### Exercise aim
Write out exactly the lines from the one holding "Cadillac Series 61 Sedanette Coupe - 1949" to the last line of the entries, both ends included and nothing else, without the pictures.
:: Records supplied
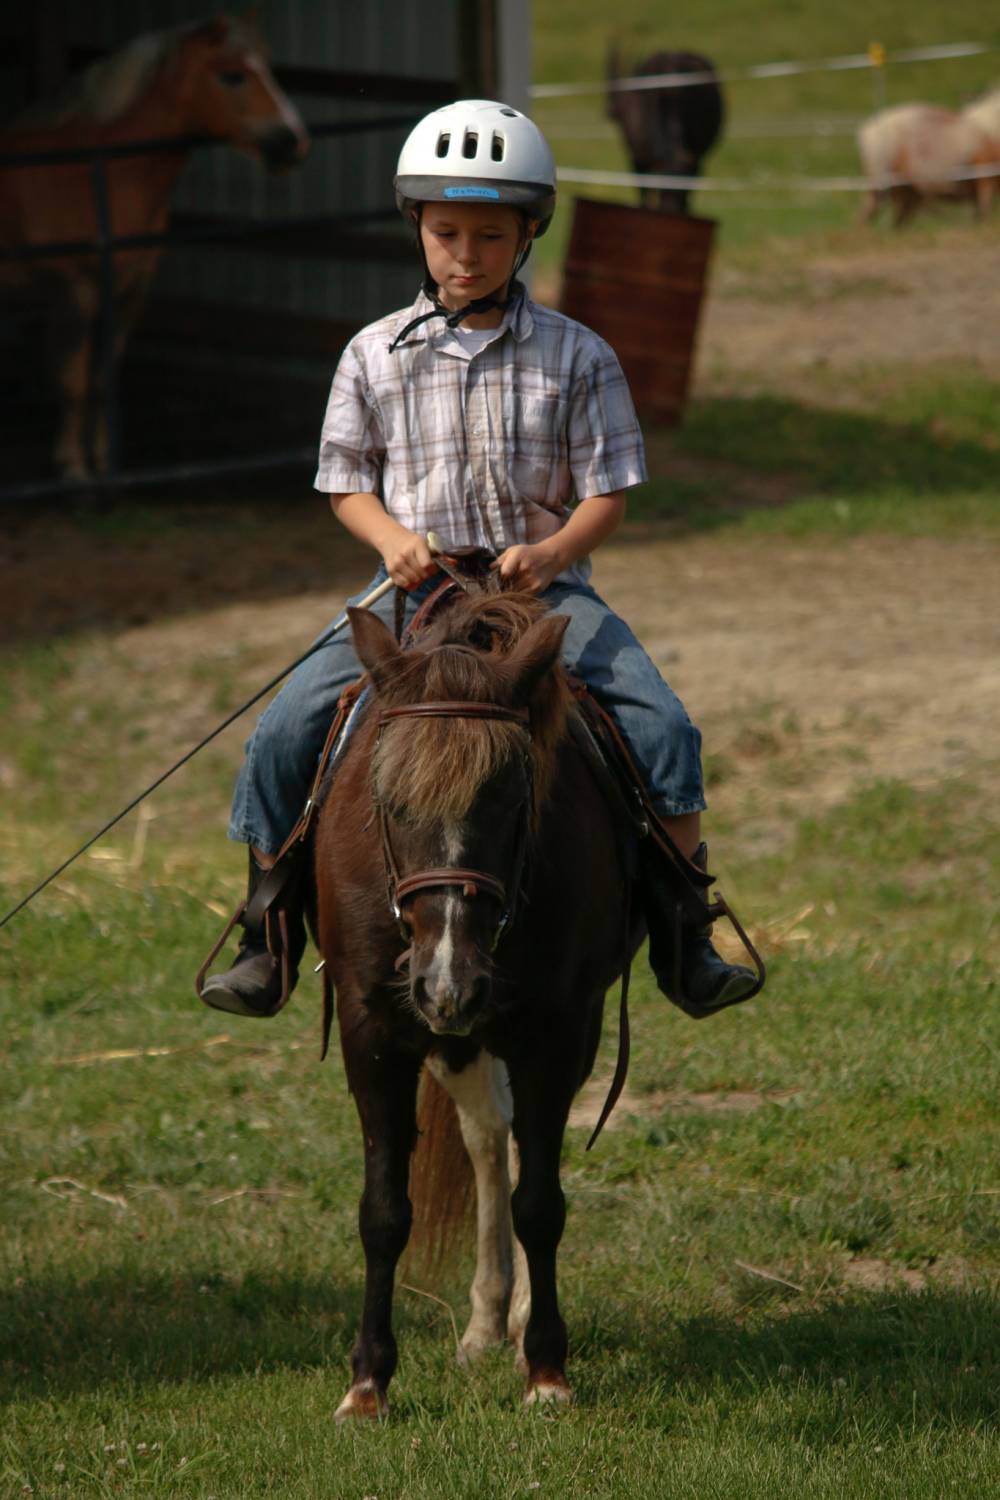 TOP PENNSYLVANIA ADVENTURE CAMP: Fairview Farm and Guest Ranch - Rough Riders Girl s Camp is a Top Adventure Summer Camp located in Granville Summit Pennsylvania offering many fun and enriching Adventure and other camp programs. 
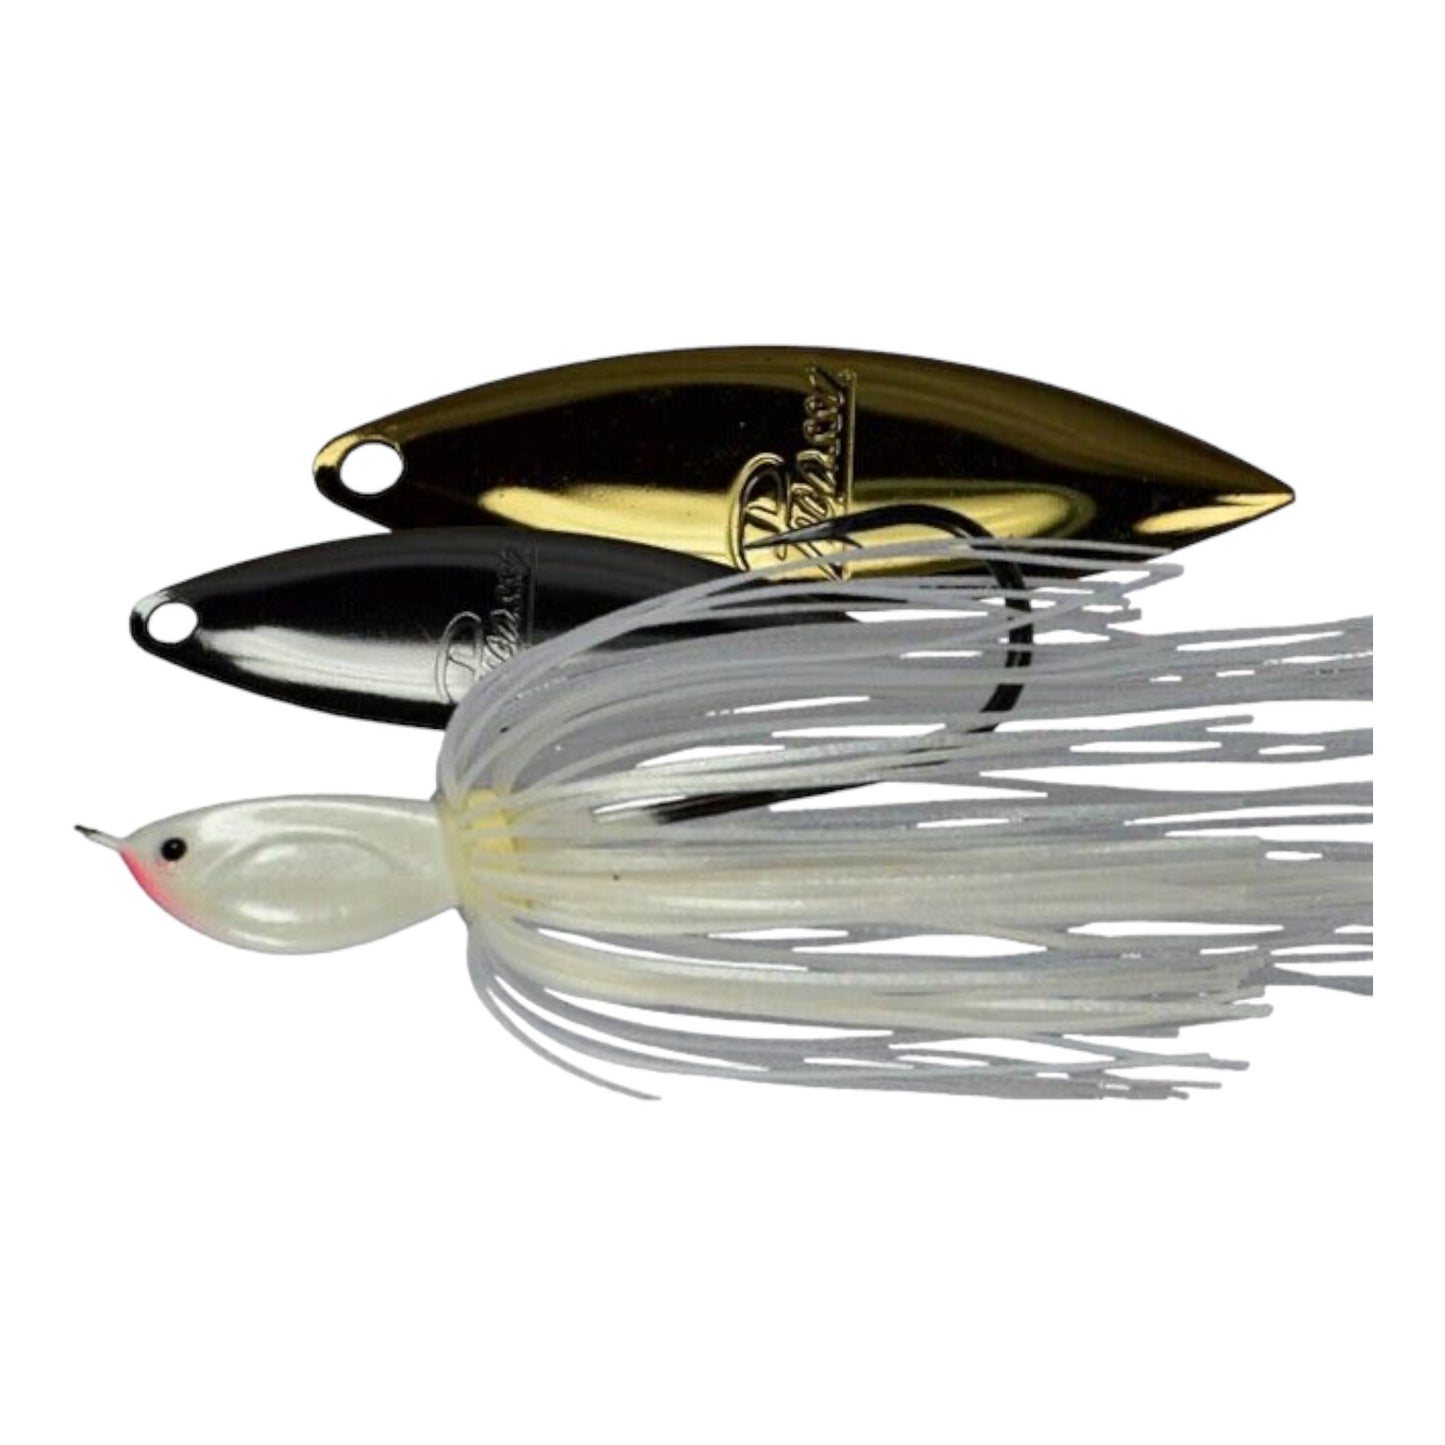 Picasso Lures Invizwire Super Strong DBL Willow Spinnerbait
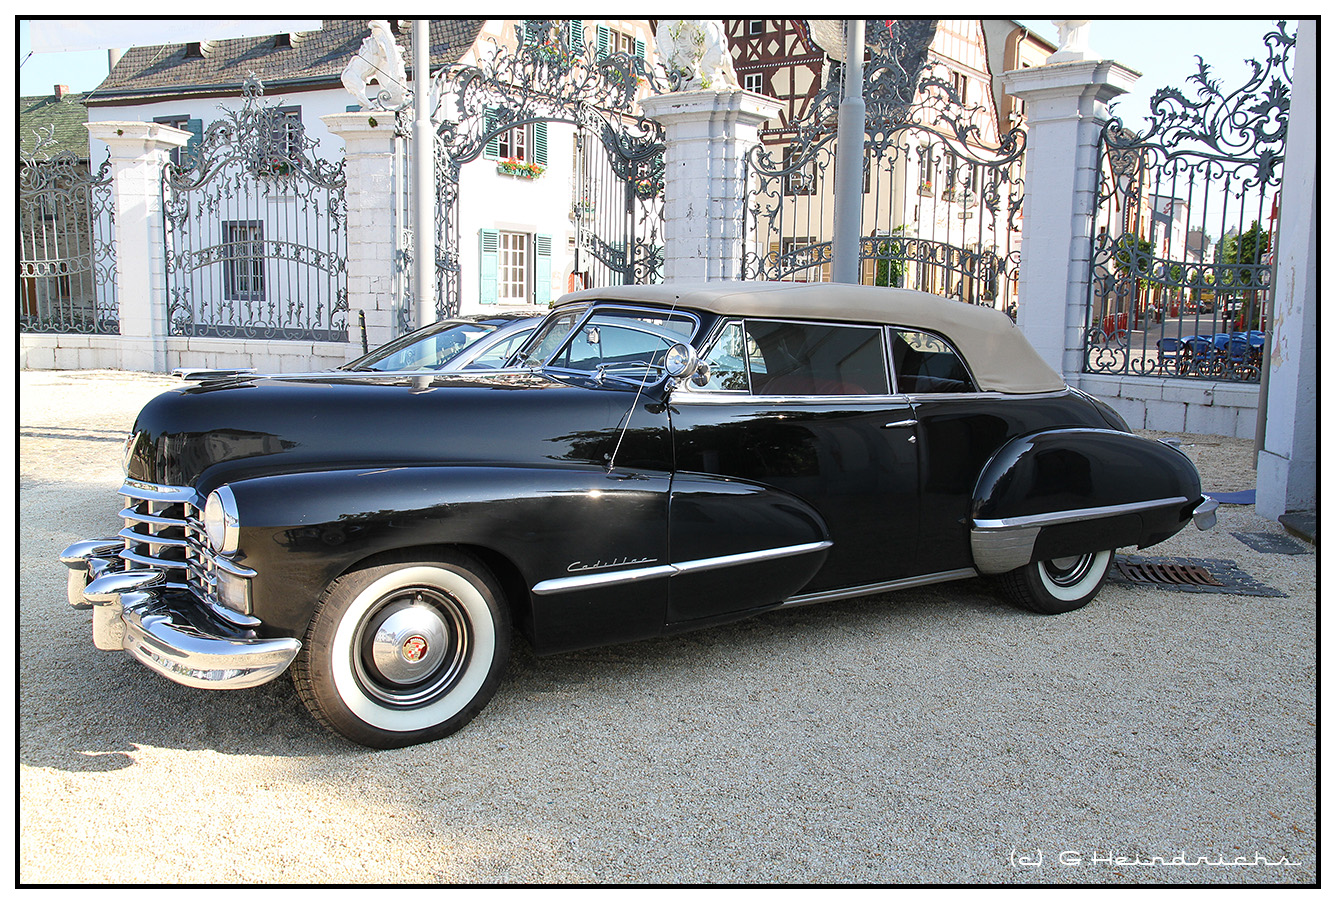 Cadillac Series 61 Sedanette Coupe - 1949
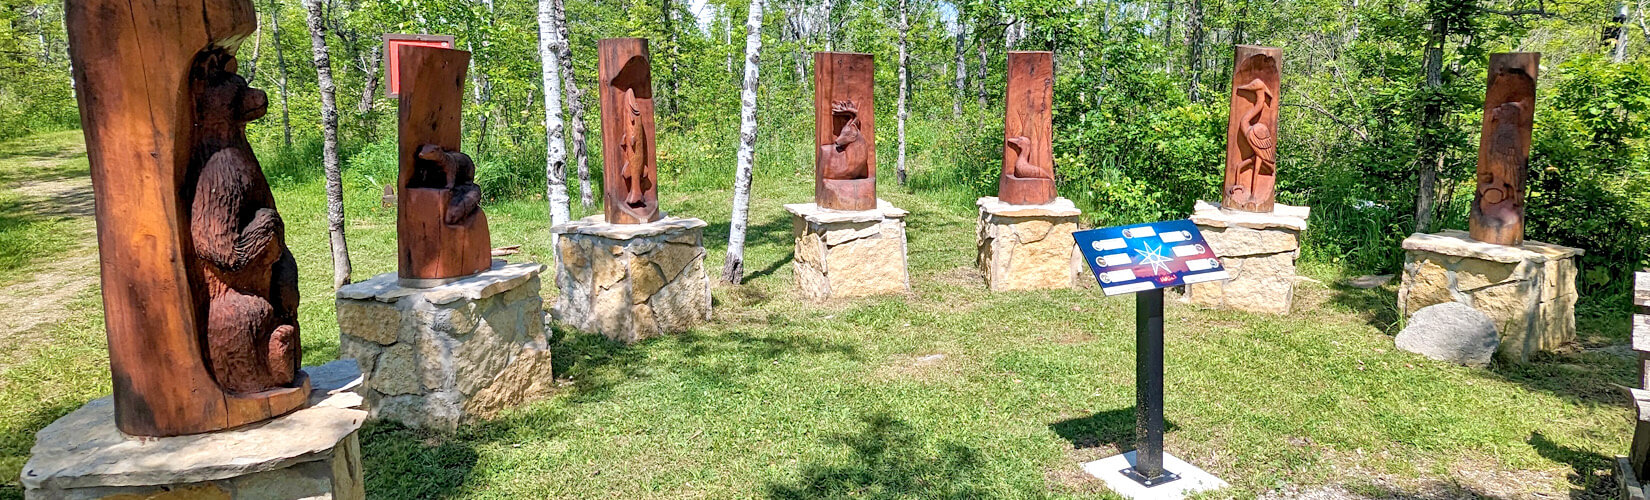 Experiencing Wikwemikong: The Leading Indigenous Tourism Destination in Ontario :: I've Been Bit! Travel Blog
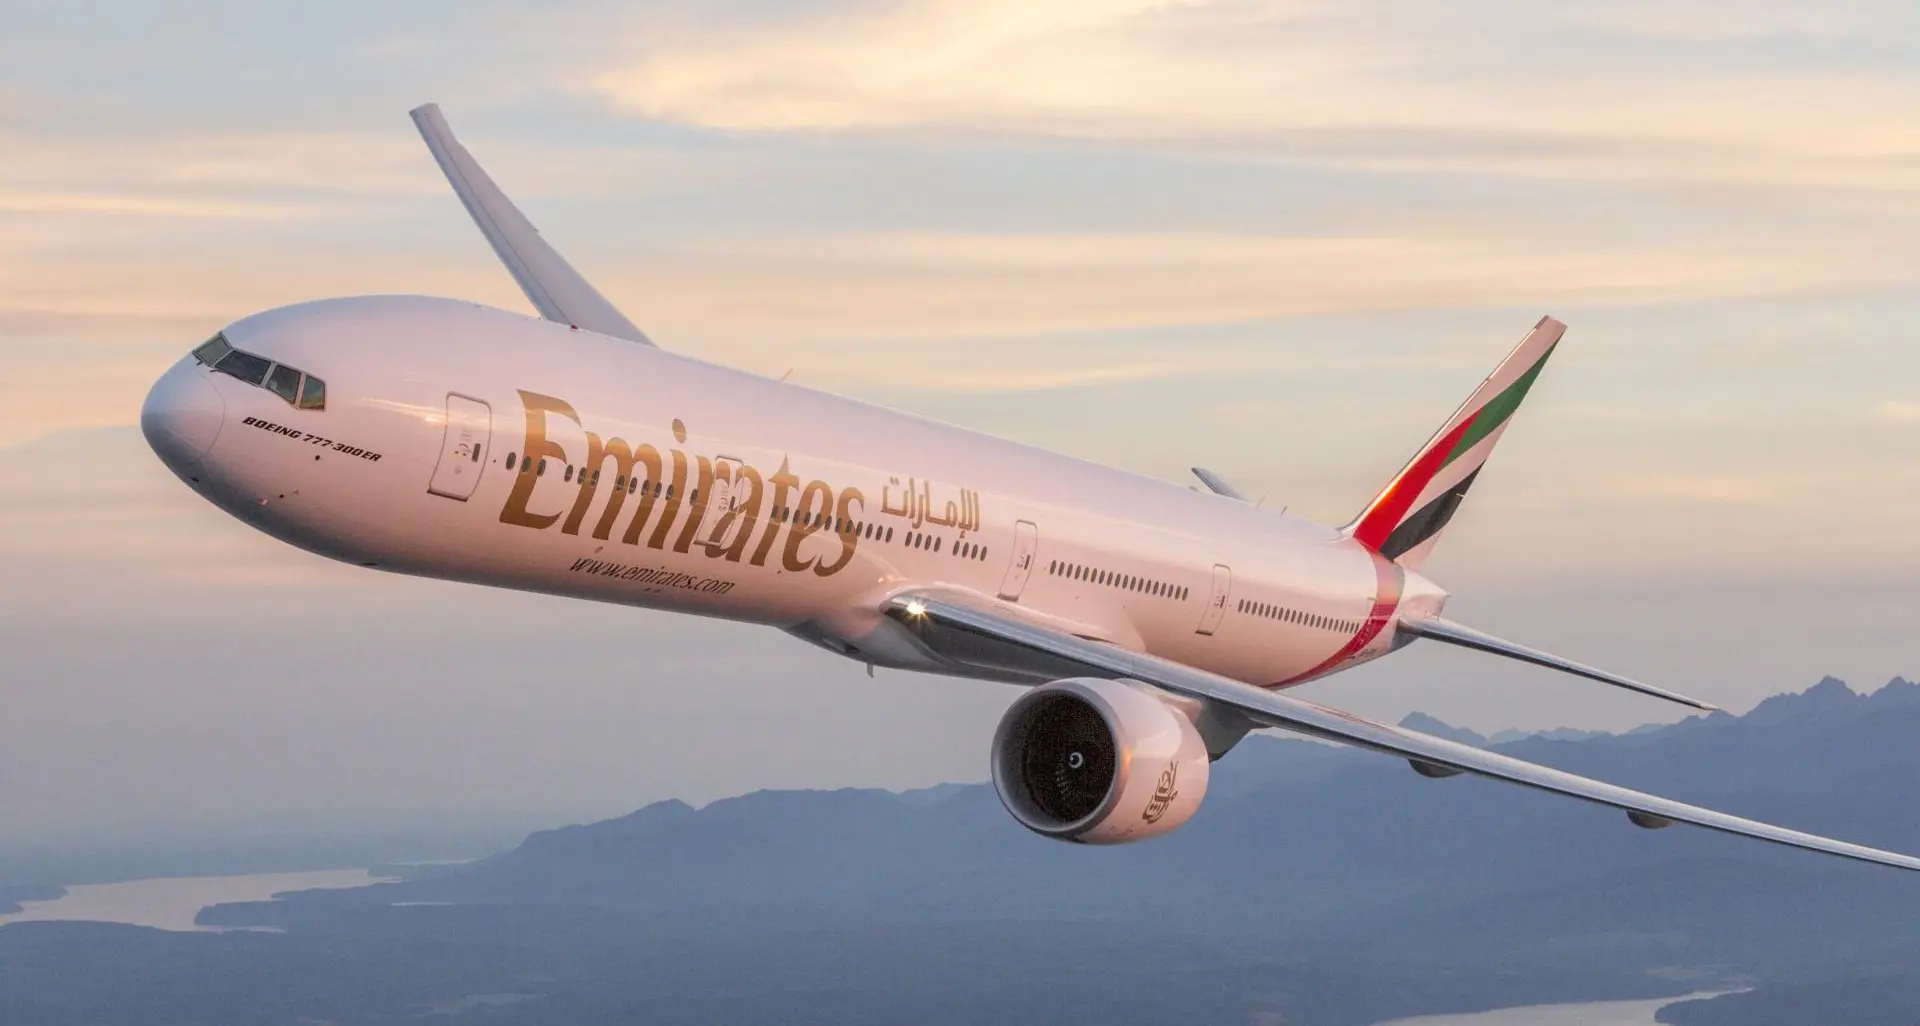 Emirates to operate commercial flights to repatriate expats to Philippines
::::
### Reply
 Cadillac Series 61 Sedanette Coupe - 1949
 Experiencing Wikwemikong: The Leading Indigenous Tourism Destination in Ontario :: I've Been Bit! Travel Blog
 Emirates to operate commercial flights to repatriate expats to Philippines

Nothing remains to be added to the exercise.